Par OS 9, on entend généralement OS 9.0.x (avec x de 0 à 4 si mes souvenirs sont bons), OS 9.1 et OS 9.2.x (avec cette fois x de 0 à 2, mais des 9.2.0 je n'en ai jamais vu). Pour faire la mise à jour du firmware, tu dois avoir OS 9.1 ou supérieur (donc, en pratique OD 9.1, 9.2.1 ou 9.2.2. Quelle que soit ta version d'OS 9, les mises à jour pour aller jusqu'à la version 9.2.2, ultime version avant l'apparition d'OS X, sont gratuitement fournies par Apple.


----------



## fervex (10 Juin 2010)

donc ca veut dire que je peux me procurer un OS 9.0.x et reformater mon mac . Donc pas obligé d'être un 9.0.0? Ok je vais tester après avoir trouvé un OS 9.0.x. 
Pascal si tu peux m'aider sur ce coup là.Faire un message aux autres membres ou que je fasse une demande sur nouveau topic
Merci


----------



## Pascal 77 (10 Juin 2010)

fervex a dit:


> donc ca veut dire que je peux me procurer un OS 9.0.x et reformater mon mac . Donc pas obligé d'être un 9.0.0? Ok je vais tester après avoir trouvé un OS 9.0.x.
> Pascal si tu peux m'aider sur ce coup là.Faire un message aux autres membres ou que je fasse une demande sur nouveau topic
> Merci



Essaie les petites annonces (pas seulement les nôtres, celles des autres sites mac aussi) et eBay, c'est ta meilleure chance de trouver !


----------



## fervex (10 Juin 2010)

oki je vais voir ca!
meci


----------



## JPTK (10 Juin 2010)

Si je retrouve un CD d'OS9, mp et je te l'envoie.


----------



## claude72 (11 Juin 2010)

fervex a dit:


> donc ca veut dire que je peux me procurer un OS 9.0.x et reformater mon mac . Donc pas obligé d'être un 9.0.0? Ok je vais tester après avoir trouvé un OS 9.0.x.

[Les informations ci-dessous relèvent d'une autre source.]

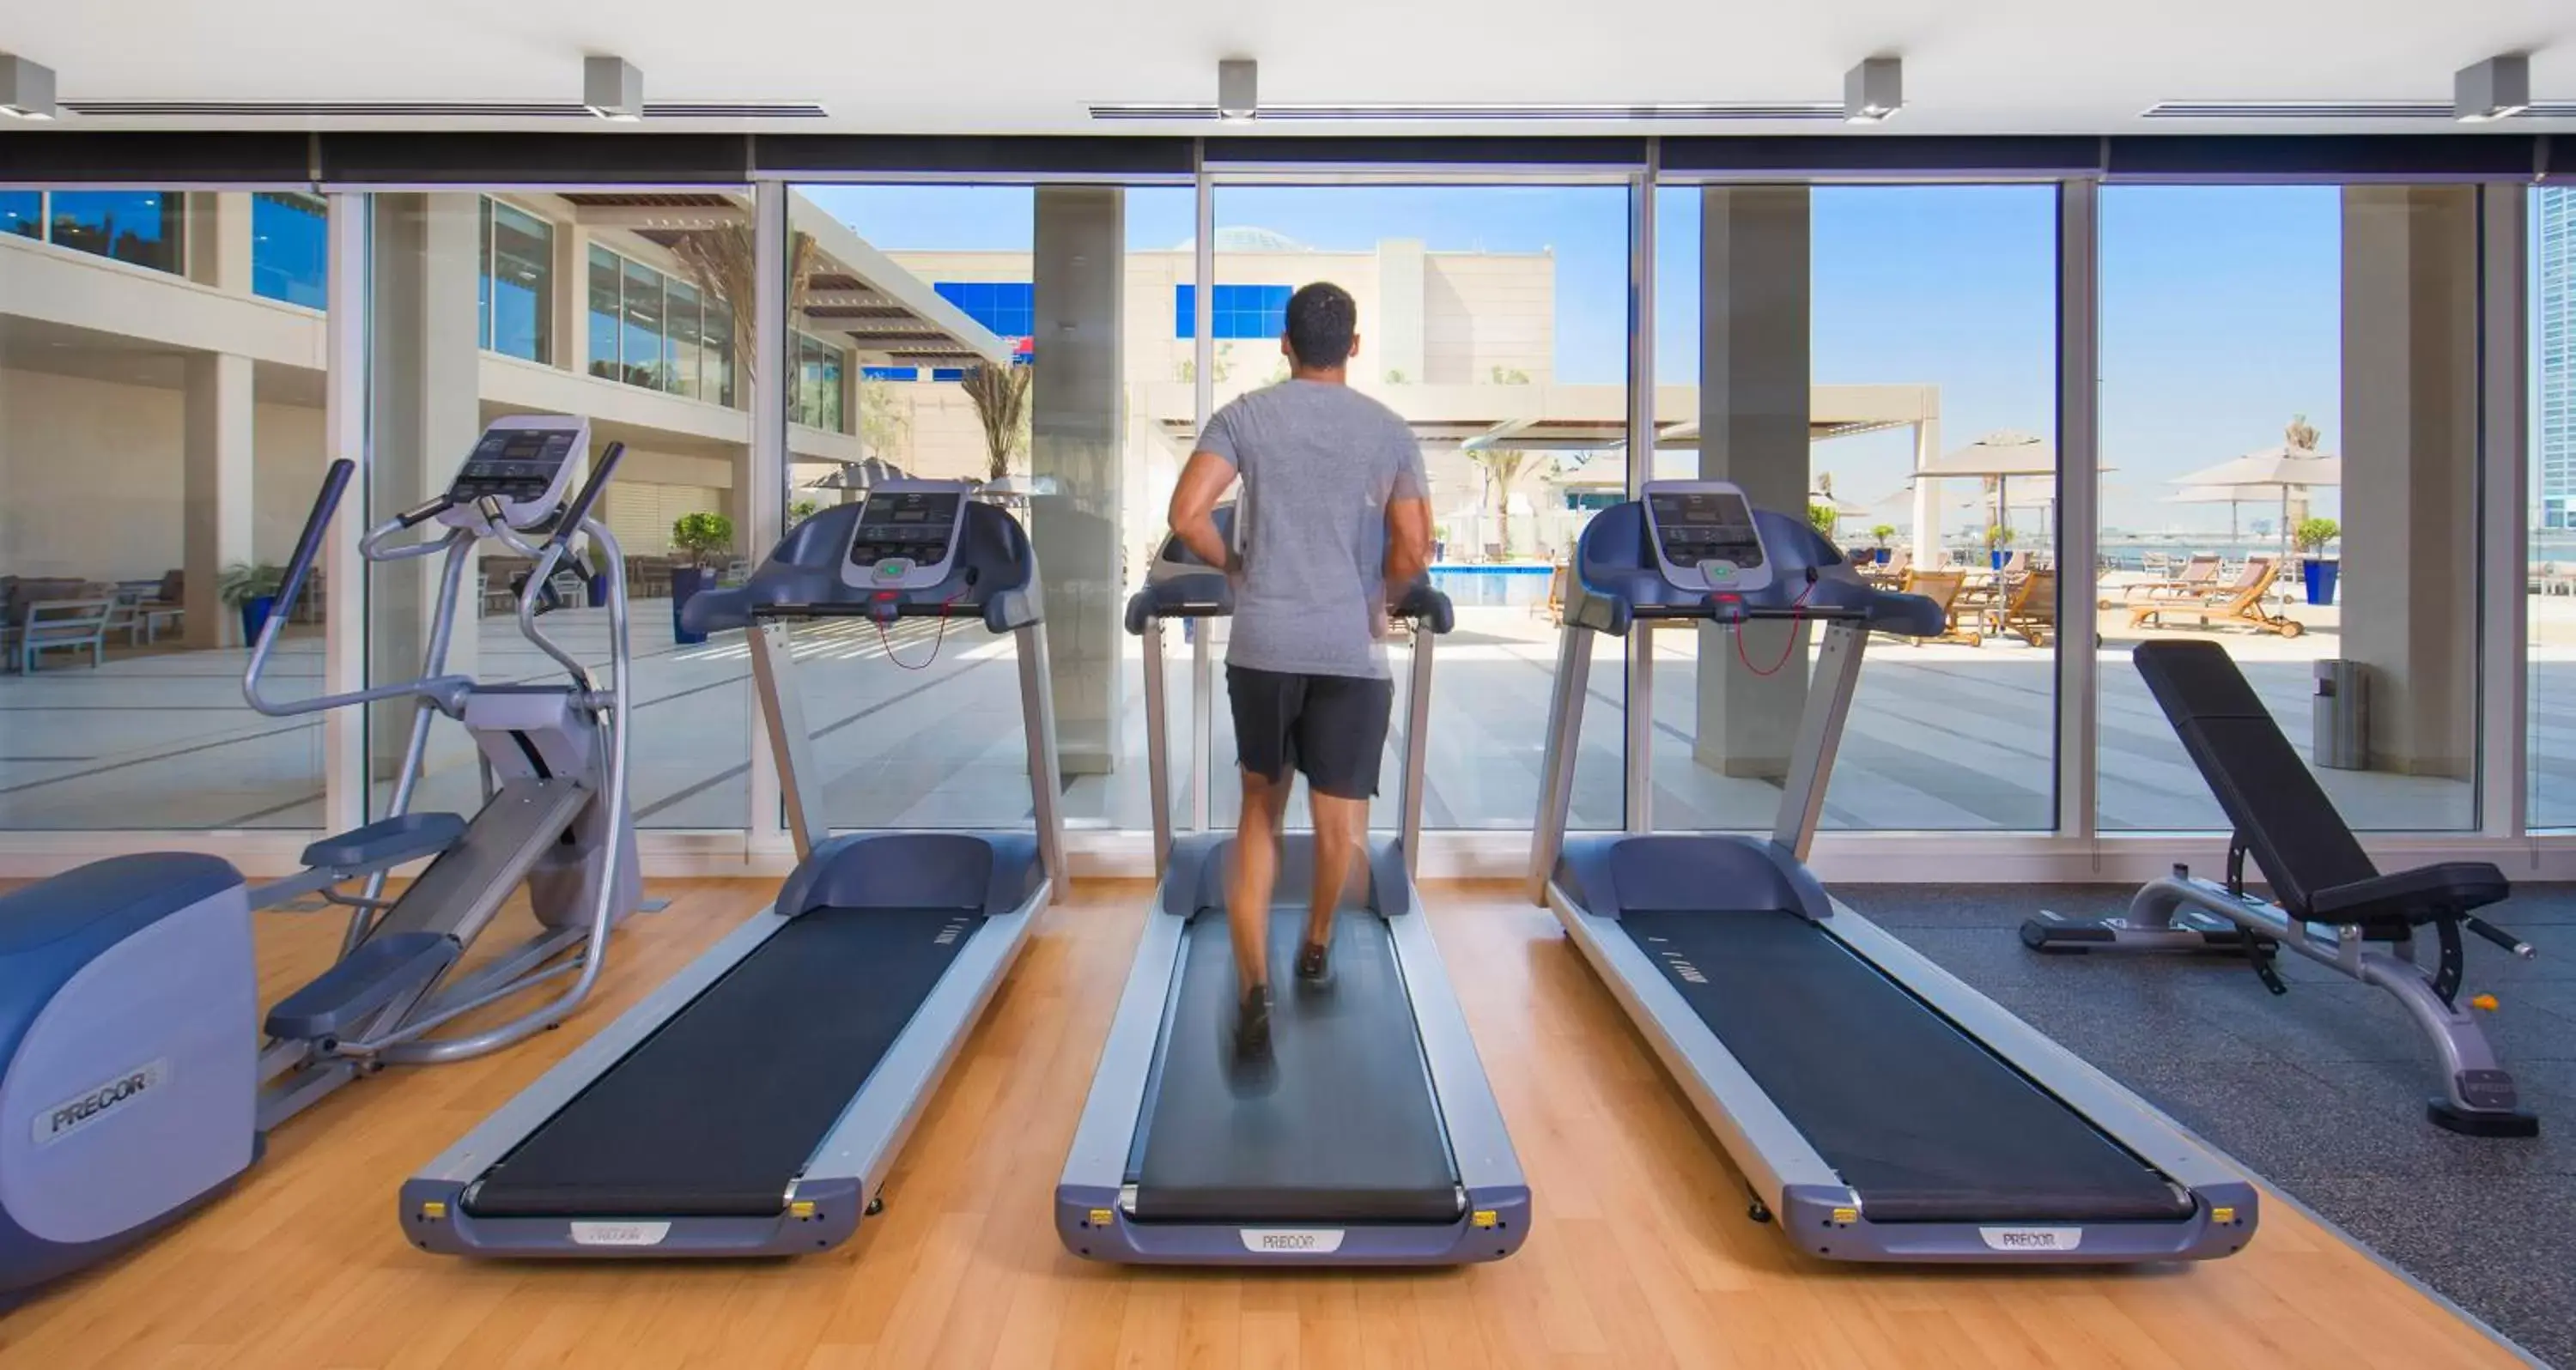 Fitness centre/facilities, Fitness Center/Facilities in Hilton Garden Inn Ras Al Khaimah

Sauf que d'après LowEndMac, le iMac G3 400 MHz nécessite au minimum un OS 9.0.*4* pour démarrer ! donc, tu ne pourras pas booter sur un 9.0.0.


----------



## JPTK (11 Juin 2010)

claude72 a dit:


> Sauf que d'après LowEndMac, le iMac G3 400 MHz nécessite au minimum un OS 9.0.*4* pour démarrer ! donc, tu ne pourras pas booter sur un 9.0.0.



Ça me paraît complètement absurde mais bon...
Maj majeur ok pour boot, mais pas mineur.


----------



## Pascal 77 (11 Juin 2010)

JPTK a dit:


> Ça me paraît complètement absurde mais bon...
> Maj majeur ok pour boot, mais pas mineur.



Non non, je confirme, il existe une ruse pour tromper le bazar, mais il faut un Mac en état (et ResEdit) pour la mettre en &#339;uvre.

Mon Pismo nécessite 9.0.2 pour démarrer, et il refusait de se lancer sur mon CD de 9.0 "boite" (que du coup, j'ai donné dans le fil adéquat).

Cela dit, notre ami Claude72 se trompe par omission : sur les 4 générations d'iMac G3 "slot loading", les 3 premières comportaient un modèle à 400 Mhz, mais n'avaient pas toutes le même système minimum :

- Le premier (fin 99 - PowerMac 2.1) : Mac OS 8.6
- Le second (été 2000 - PowerMac 2.2) : Mac OS 9.0.4
- Le troisième (début 2001 - PowerMac 4.1) : Mac OS 9.1

Le problème, c'est que ce sont tous les 3 des modèles M5521, donc, pour savoir lequel des 3 a notre ami, on ne peut se fier qu'à la couleur &#8230; si ça n'est pas un graphite.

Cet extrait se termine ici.